--- Given material ---
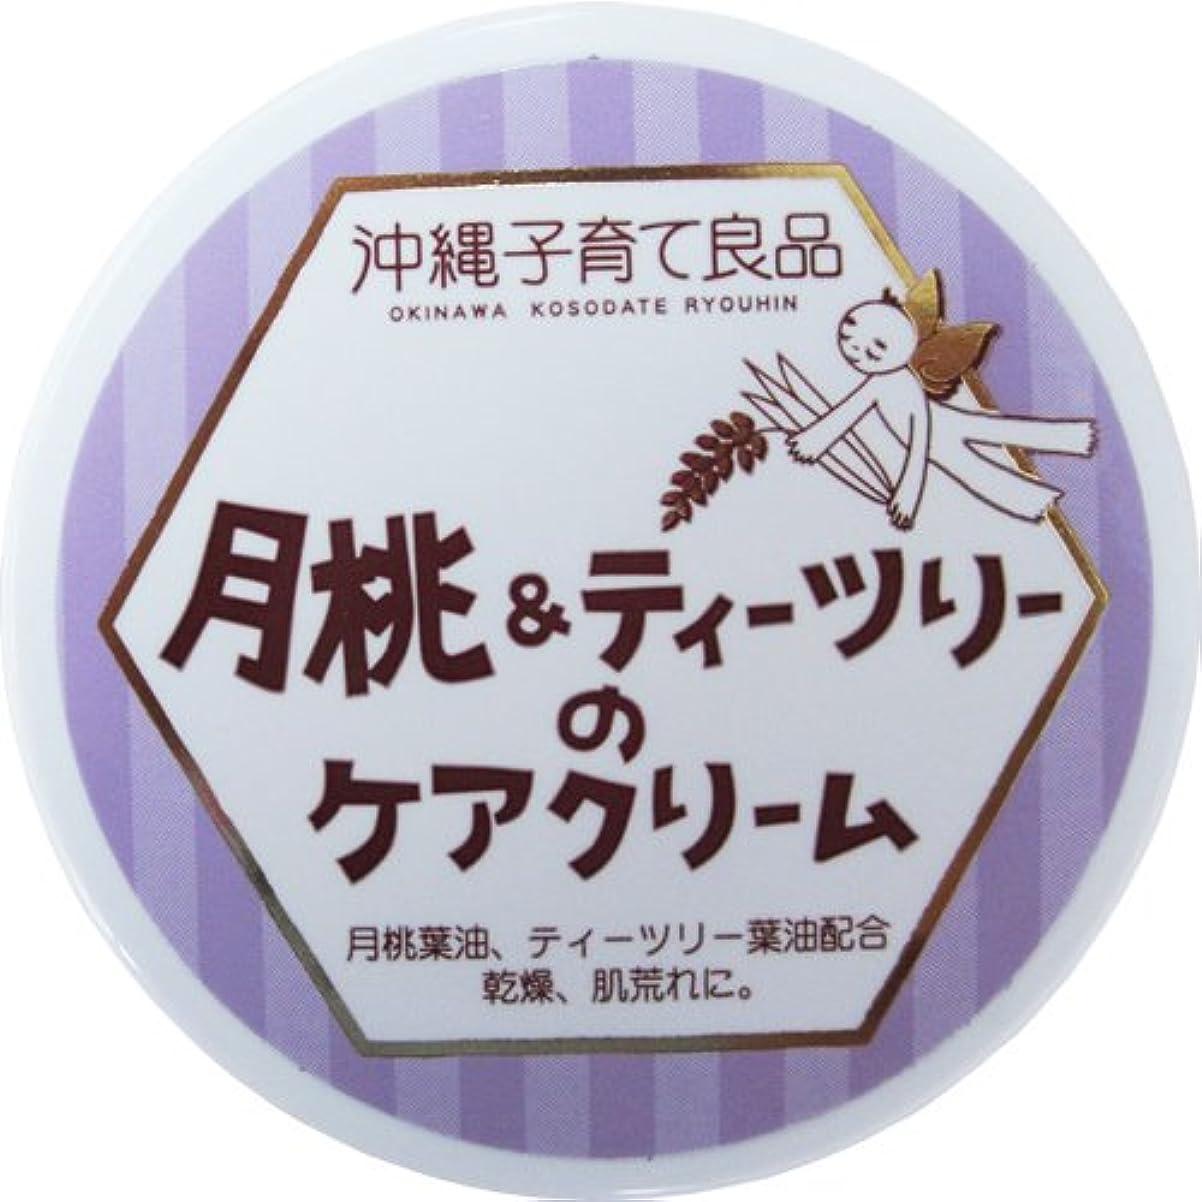 気になるひねり自分のために沖縄子育て良品 月桃&ティツリーのケアクリーム (25g)
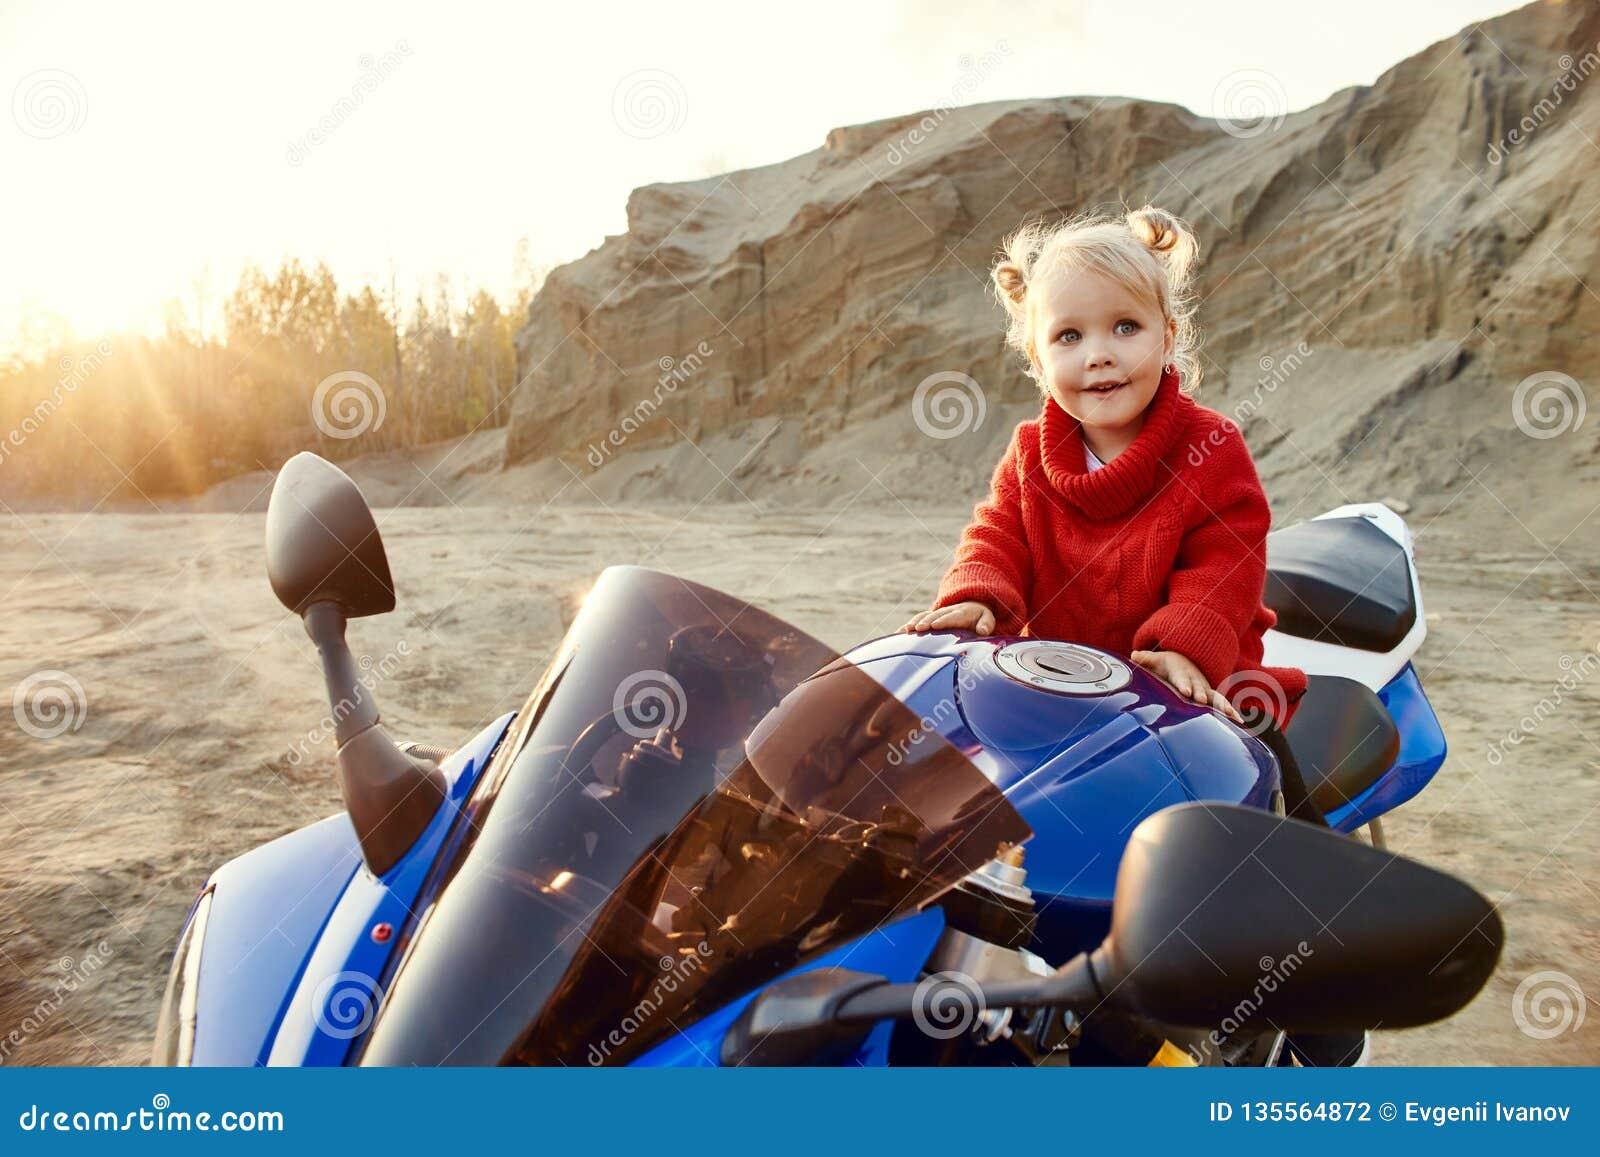 Młody małej dziewczynki obsiadanie na motocyklu ściga się, piękny mały rowerzysta na sporty jechać na rowerze w naturze Córka mot
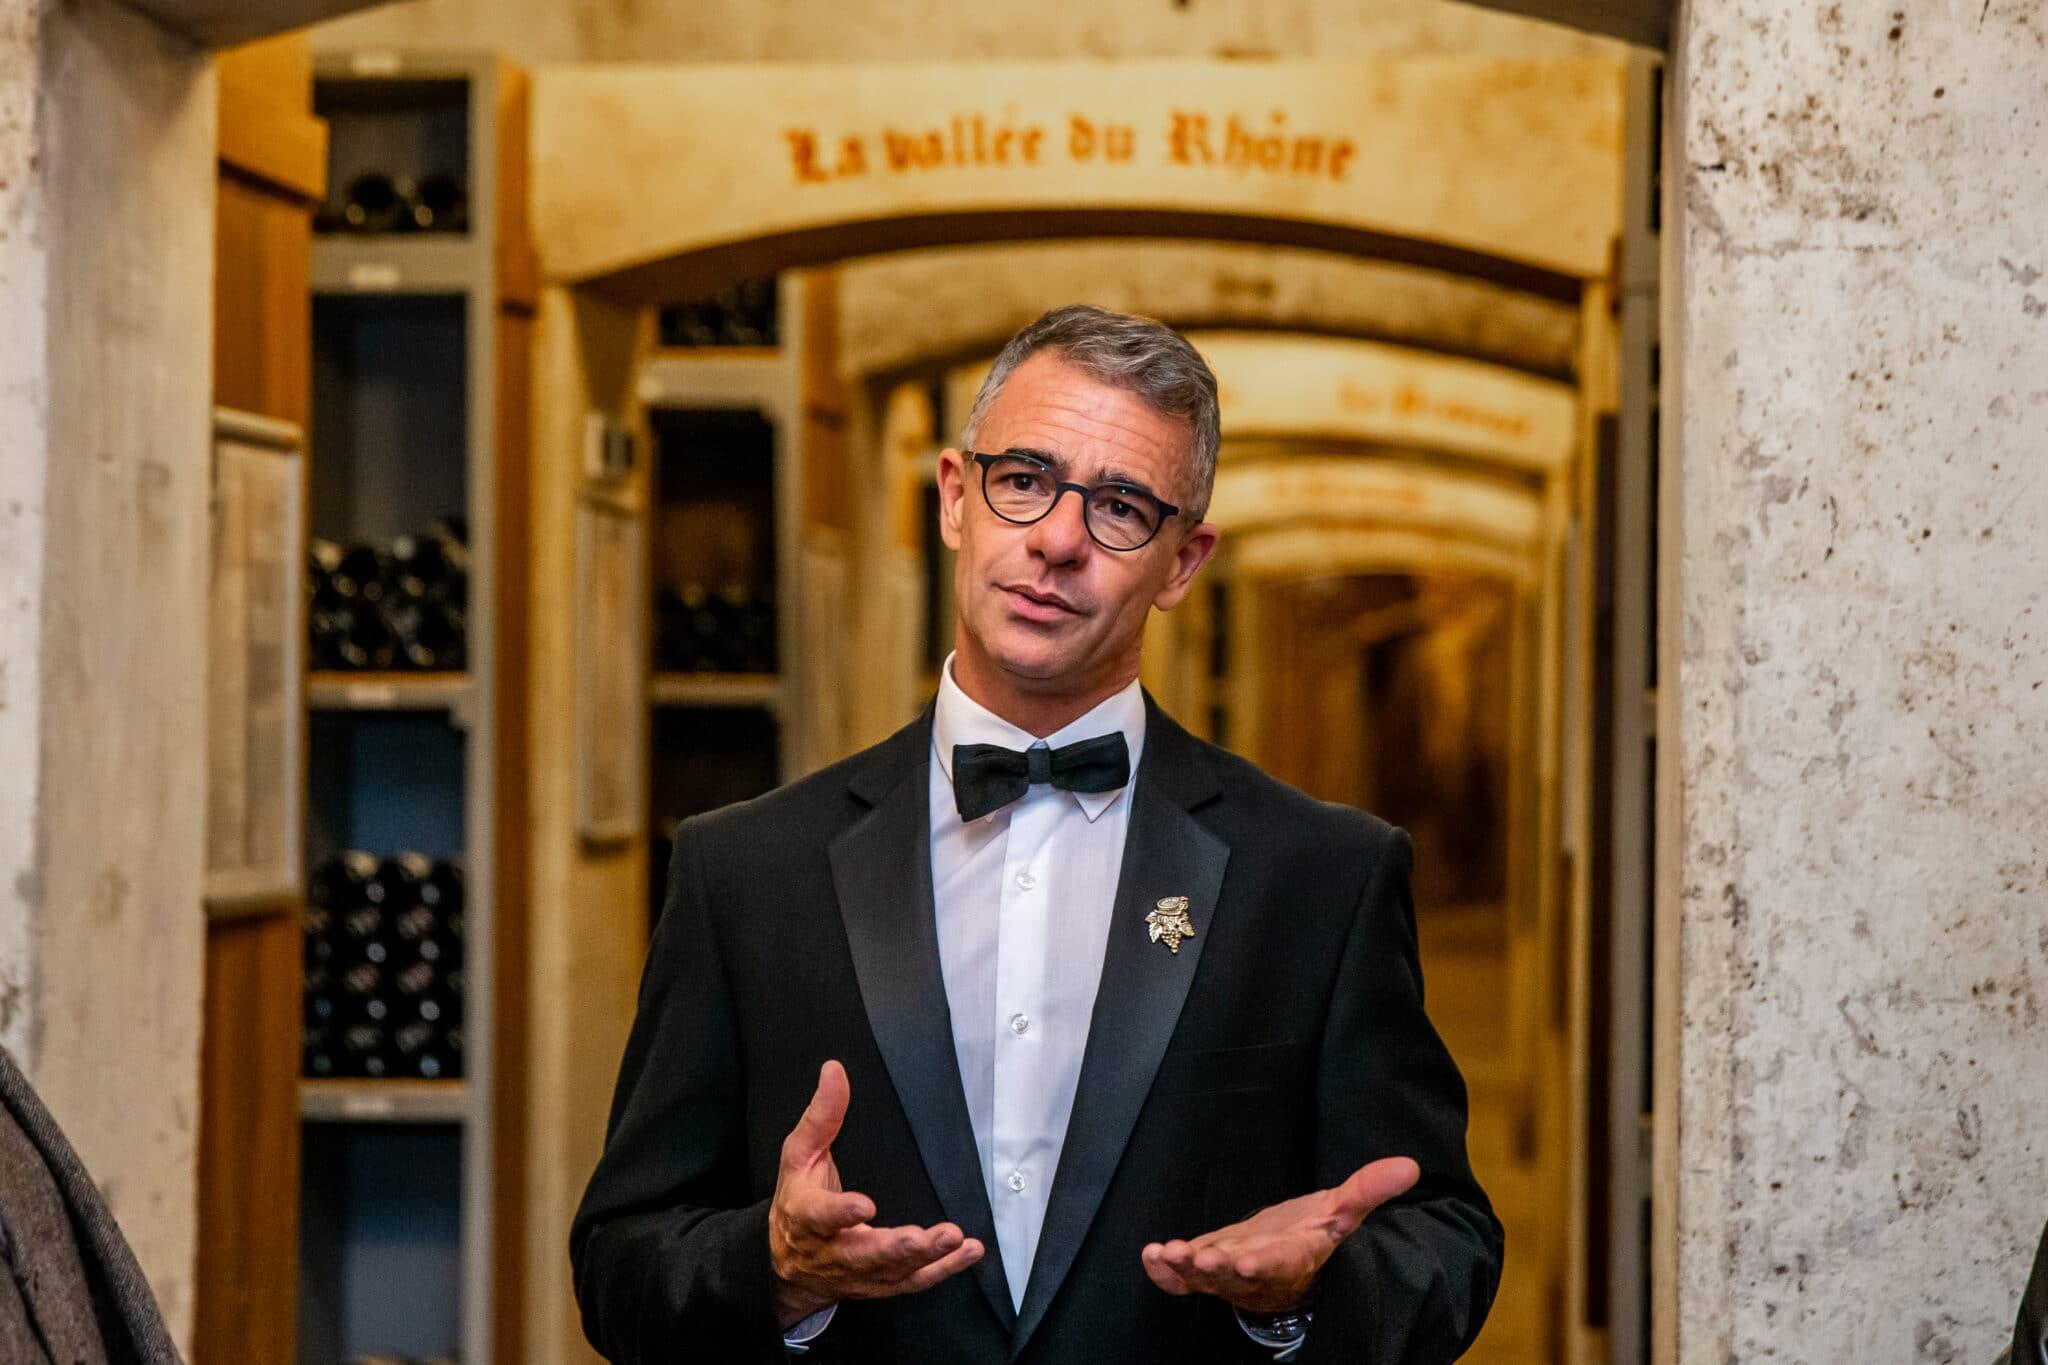 Soirée Amex Centurion dans les Caves de l'Hôtel de Paris, S.B.M. Monaco, le 12 Avril 2019
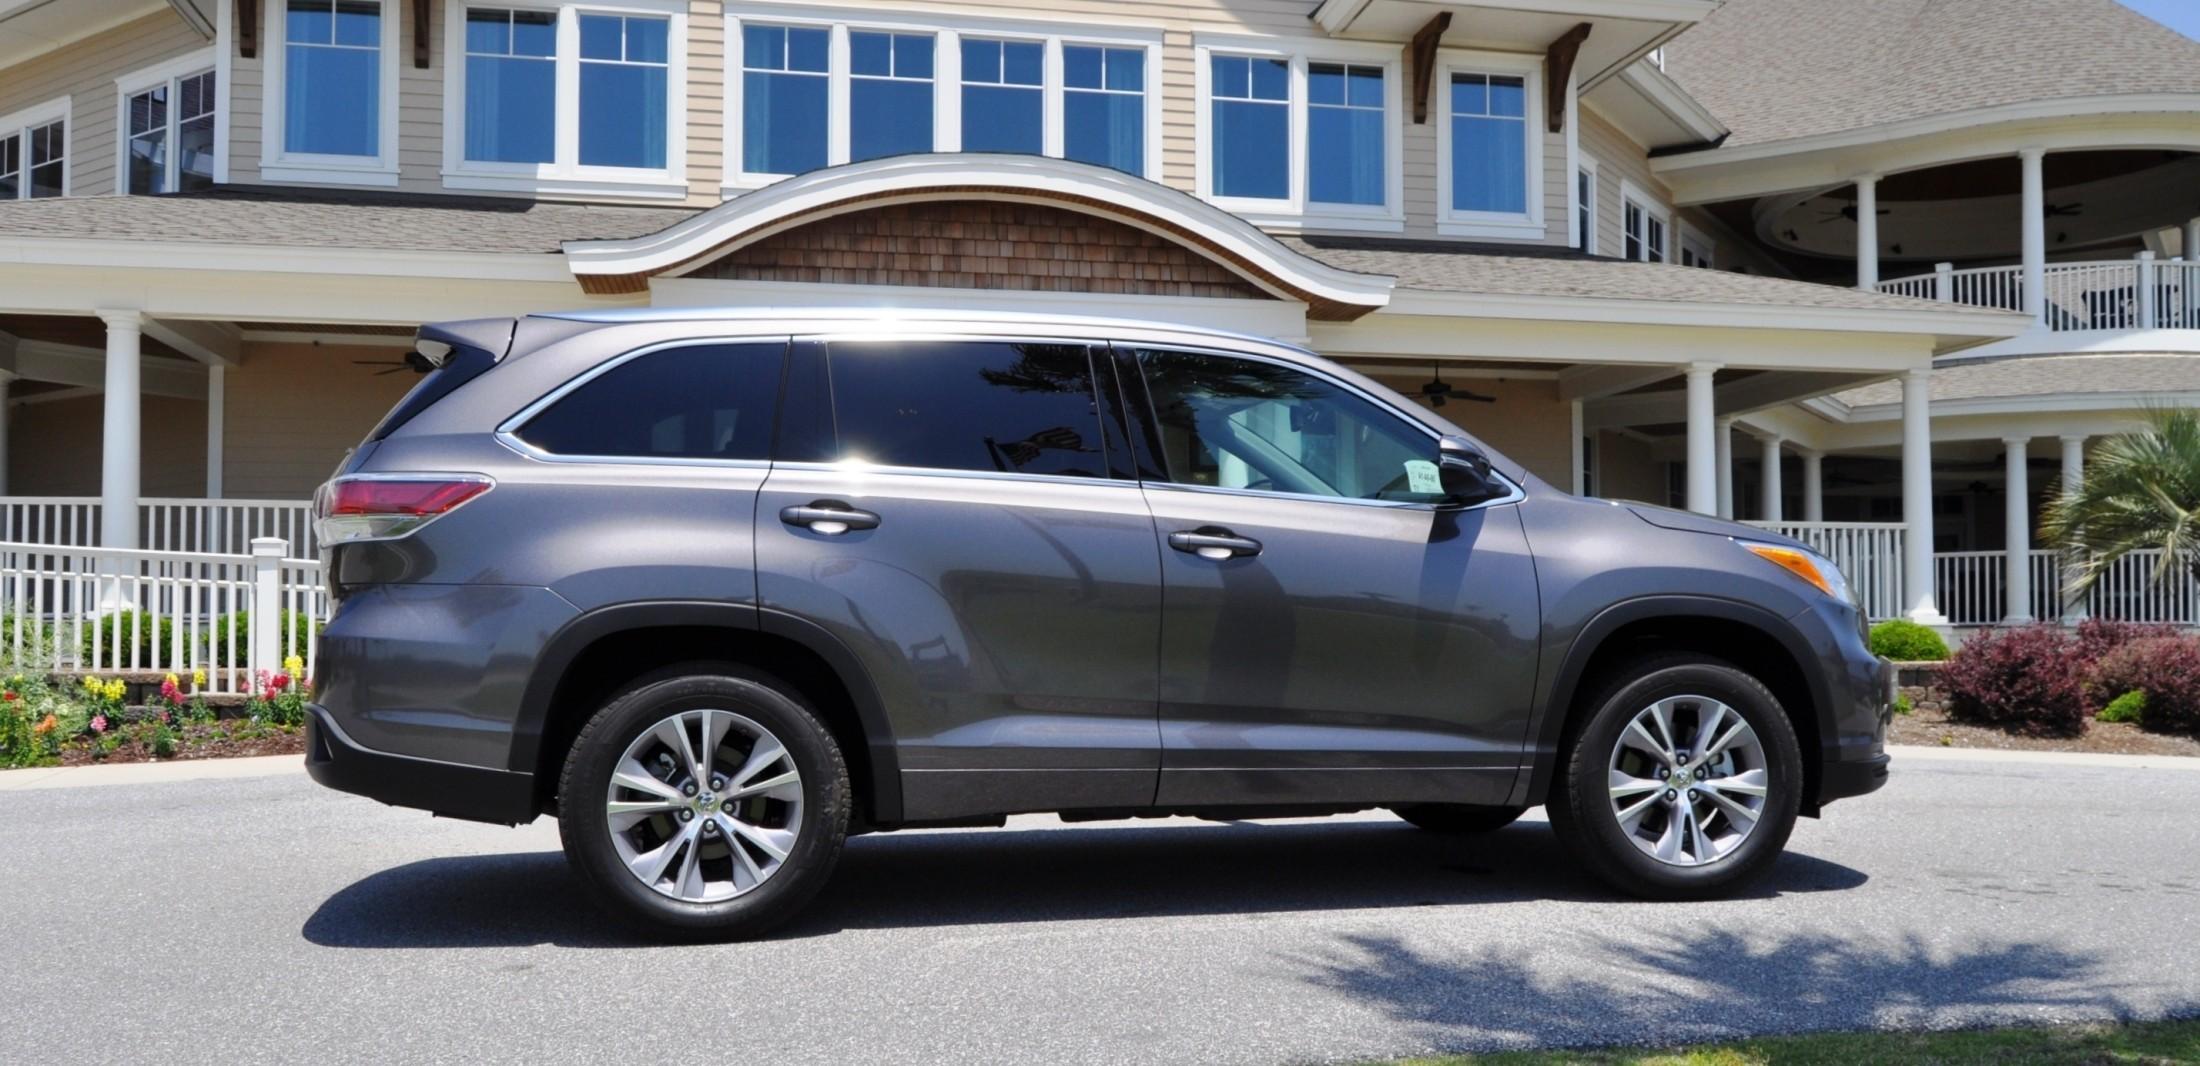 road test review 2015 toyota highlander hybrid limited awd by ken glassman car revs. Black Bedroom Furniture Sets. Home Design Ideas
---
The output must start at the line holding "Soirée Amex Centurion", end at the last line of the listing above, and show each line exactly; please omit all pictures.

## Solution to this problem
 Soirée Amex Centurion dans les Caves de l'Hôtel de Paris, S.B.M. Monaco, le 12 Avril 2019
 road test review 2015 toyota highlander hybrid limited awd by ken glassman car revs. Black Bedroom Furniture Sets. Home Design Ideas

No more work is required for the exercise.